All of this spluttering, Harriet Olesen dudgeon is a real hoot when you look at who its main purveyors is.
The compiler of all that (and more) bile against Bill Clinton is none other than the now-all-growed-up, no talent newsroom hottie who did exactly what Monica Lewisnky did to one of the most powerful married men in Washingtoon, D.C., Ben Bradlee.
I'm talking about the aforementioned Sally Fucking (and I do mean fucking) Quinn. It was she, in the Washington Post in the month before I got down there and rubbed against her pals' liver-spotted shoulders, who wrote that now-especially screamingly laughable hit-piece.
A mere twenty years before, she was the young woman chafing her knees on cheap Beltway industrial carpeting for a married D.C. power-broker. She was there during the years-long hell of Watergate, and Wilbur Mills, and the tawdry Elizabeth Ray/Wayne Hays scandal. (Hays had ironically driven Harlem's beloved Rep. Adam Clayton Powell Jr. from Congress on a trumped-up corruption charge almost ten years before) The self-righteous, spastically-clawing debu-cat was there in town when Newt Gingrich cheated on his wife and officially ditched her while she underwent a chemo treatment, and when House Speaker Bob Livingston who so excoriated Clinton over Lewinsky and howled for his resignation would one month later (and I was in town and had a blast when the story broke) have to step down as he was revealed to have macked about while married, too.
Quinn was there for all of it, and participated in it, but...as D.C.'s social/power elite was changing generationally, a vacuum was forming. The old guard gate-keepers and party-tossers and society matrons were dying off. Many had been driven into the shadows, uncomfortable with the ostentatious glee they once celebrated in. That new, forced austerity would bounce back a bit under the Reagan/Old Hollywood regime's ascension, but it was the last gasp of that generation. The breech would re-open and into it would step, a new guard, and a new generation. The wives of that new generation would lead the “Village's” return to the Camelot they remembered from old Life and Look clippings and newsreel packages via the fearsome power of the canapé, tiramisu, and mighty champagne-glass pyramid. This “New Power Generation” consisted of society wives like NBC's Andrea Mitchell—the “better” half of Fed chairman Alan Greenspan, Maureen Orth—life-partner of the snippy, pumpkin-headed pundit Tim Russert, Sheri Annis—spouse of the execrable media watchpup Howard Kurtz. And of course...Mrs. Benjamin Crowninshield Bradlee herself—Sally Quinn.

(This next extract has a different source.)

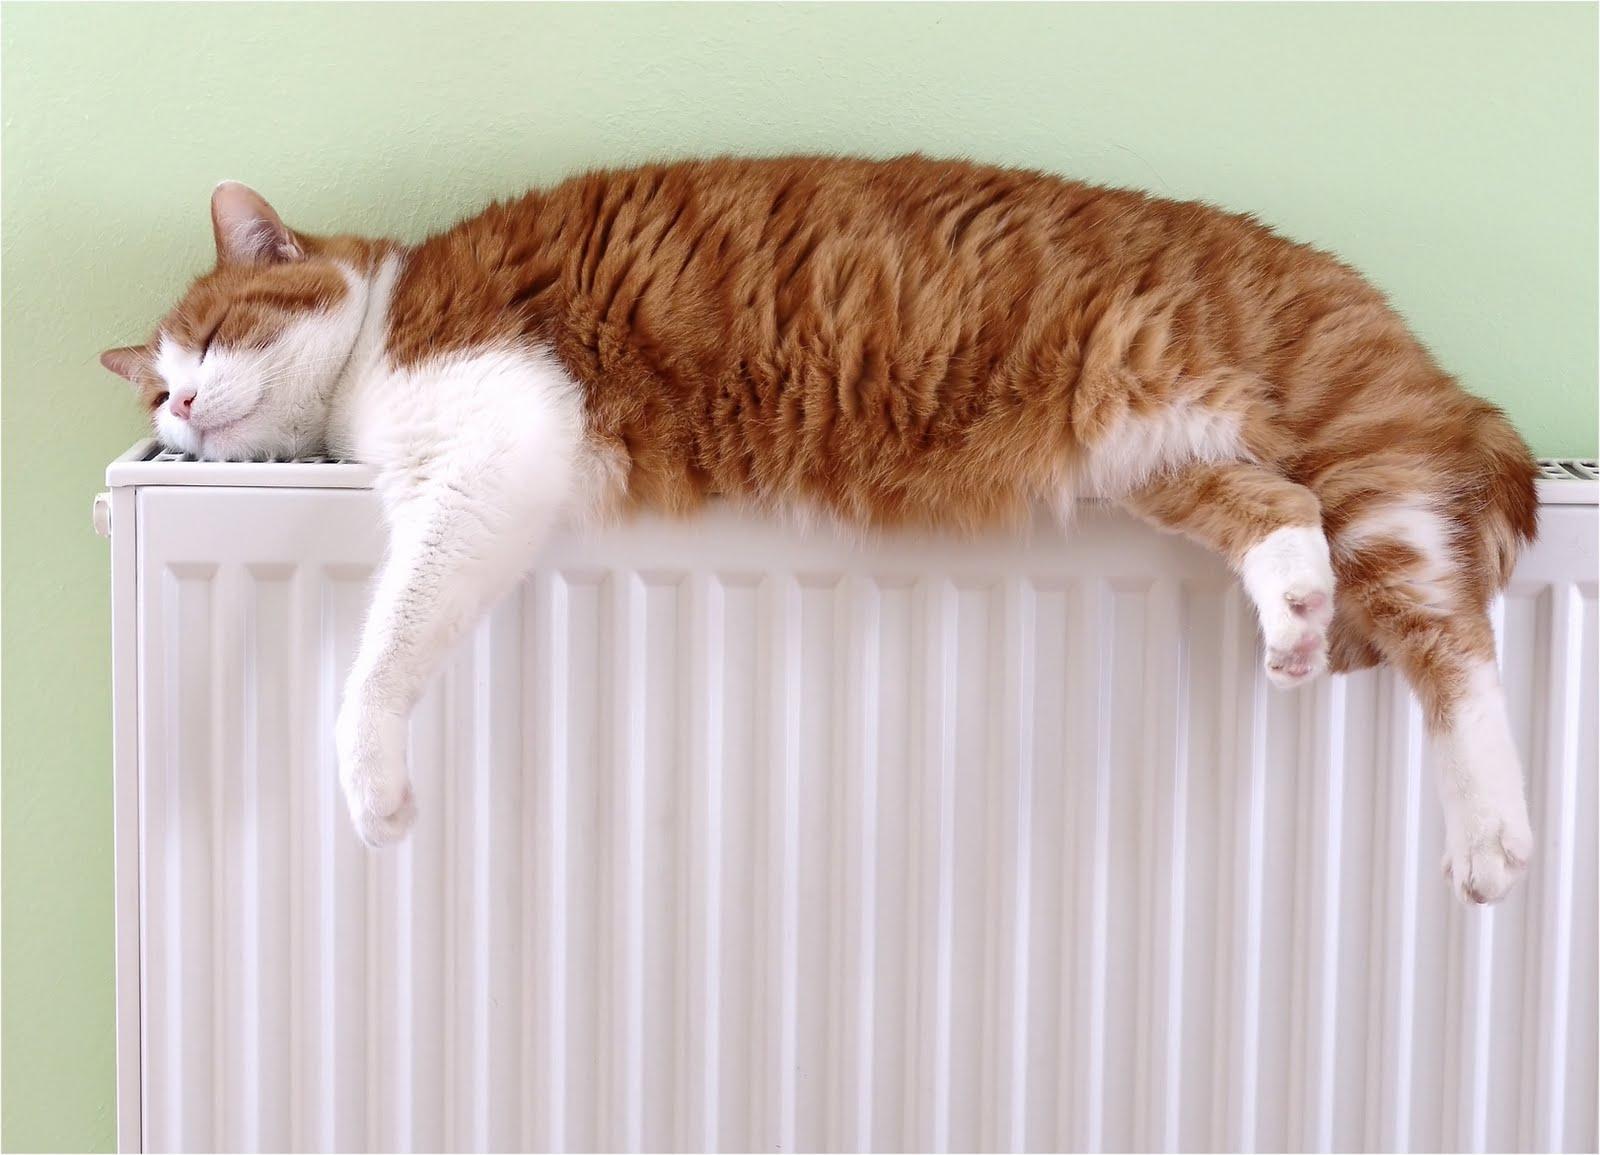 Barquitec diy cama calentita para gatos for Cama para gatos

Time for a mordant chuckle. Here's something that didn't make the cut for Bradlee's bio. It's the rundown of how The Flighty Quinn got her job at The Post:
Quinn began as a reporter for the Washington Post with very little experience: reportedly called by Ben Bradlee after a report of her pajama party (ed. LM— A pajama party? WTF'ing F?) in celebration of the election to congress of Barry Goldwater, Jr., the job interview included the following exchange:
"Can you show me something you've written?" asked Managing Editor Benjamin Bradlee. "I've never written anything," admitted Quinn. Pause. "Well," said Bradlee, "nobody's perfect”.
Cute, isn't it? And really quite telling. You've got to give Quinn credit. She didn't just fuck the married guy. She took him away for herself. She got the job. And she tore after the validation via social prestige like a meth-ed up pit bull loose in a butcher store. From mere courtesan to Chief Justice of the court of opinion in record time!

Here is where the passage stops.